[Recorded information — start]

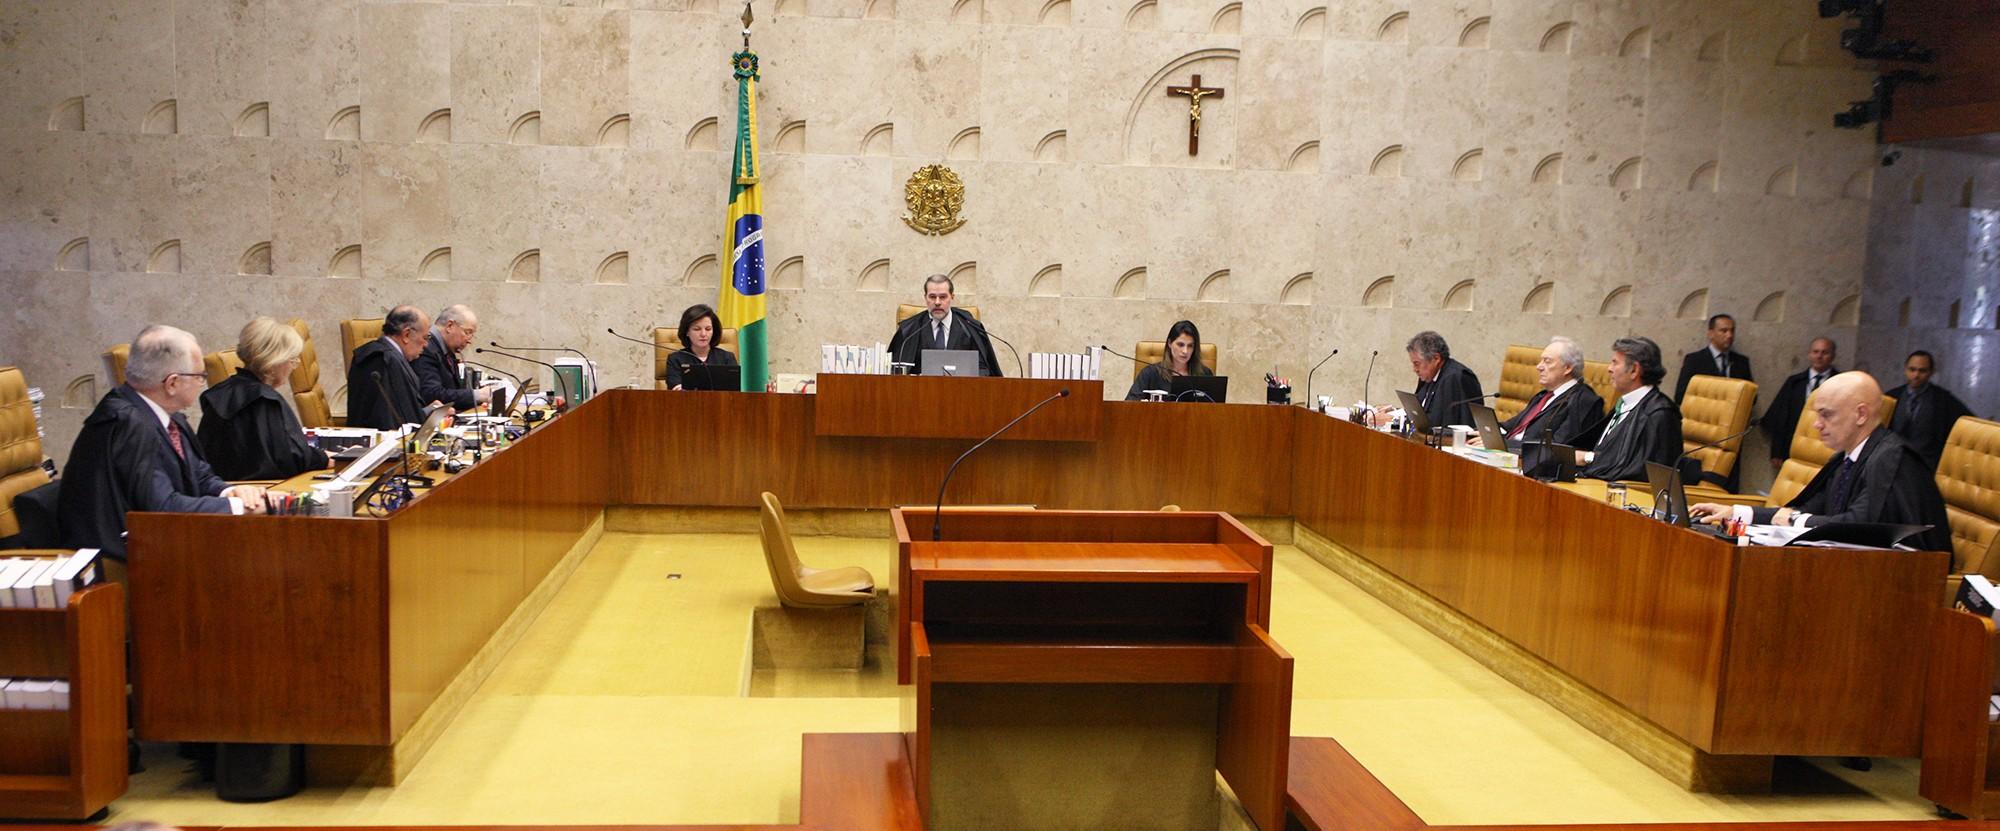 Julgamento do STF sobre prisão em 2ª instância pode beneficiar 38 condenados da Lava Jato no Paraná - Notícias - Plantão Diário
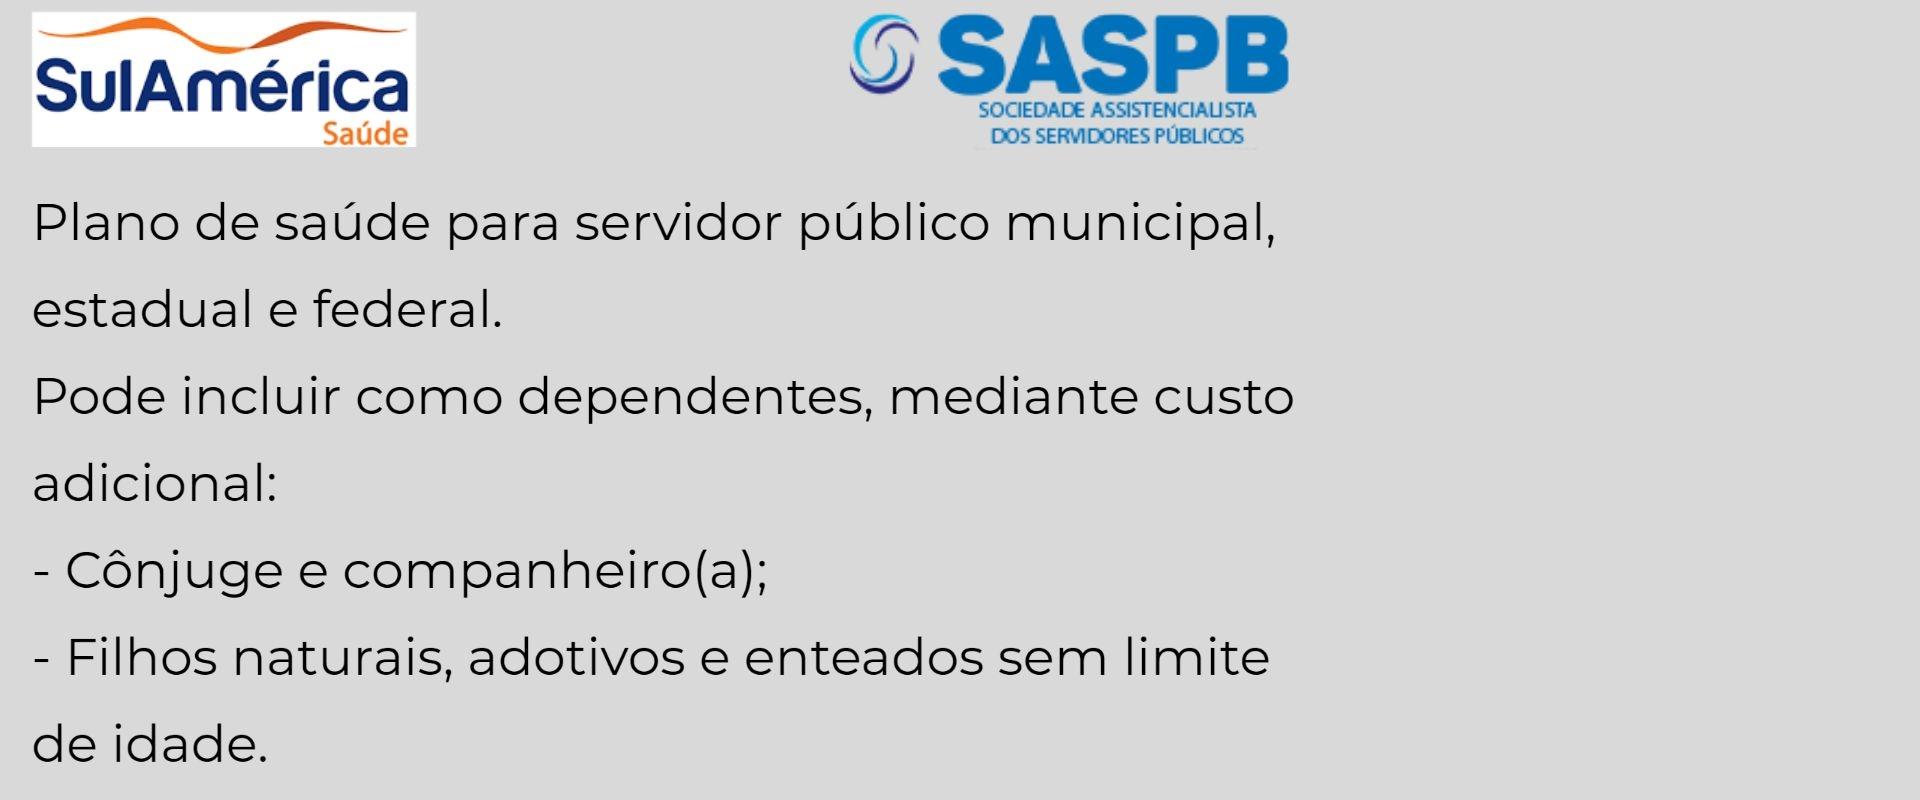 Sul América Saúde SASPB-GO
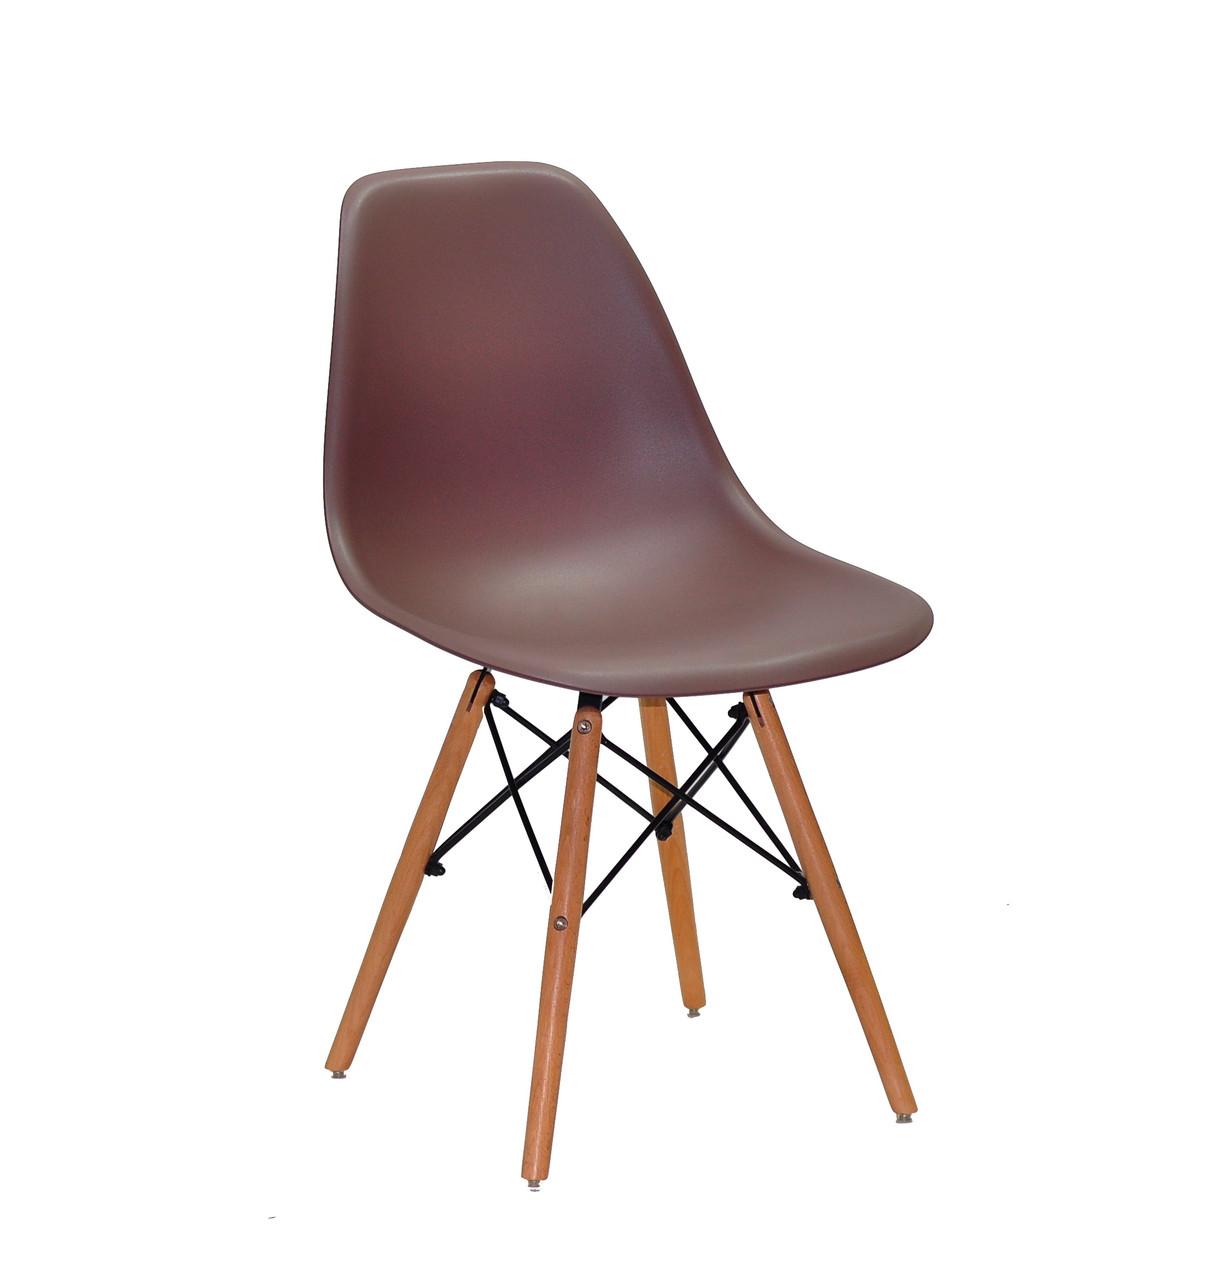 Пластиковый стул Nik NEW (Ник Н) коричневый 90 на деревянных ножках

[Recorded information — finish]

Your task: Output the data exactly, pictures omitted.

Result below:
 Julgamento do STF sobre prisão em 2ª instância pode beneficiar 38 condenados da Lava Jato no Paraná - Notícias - Plantão Diário
 Sul América Saúde SASPB-GO
 Пластиковый стул Nik NEW (Ник Н) коричневый 90 на деревянных ножках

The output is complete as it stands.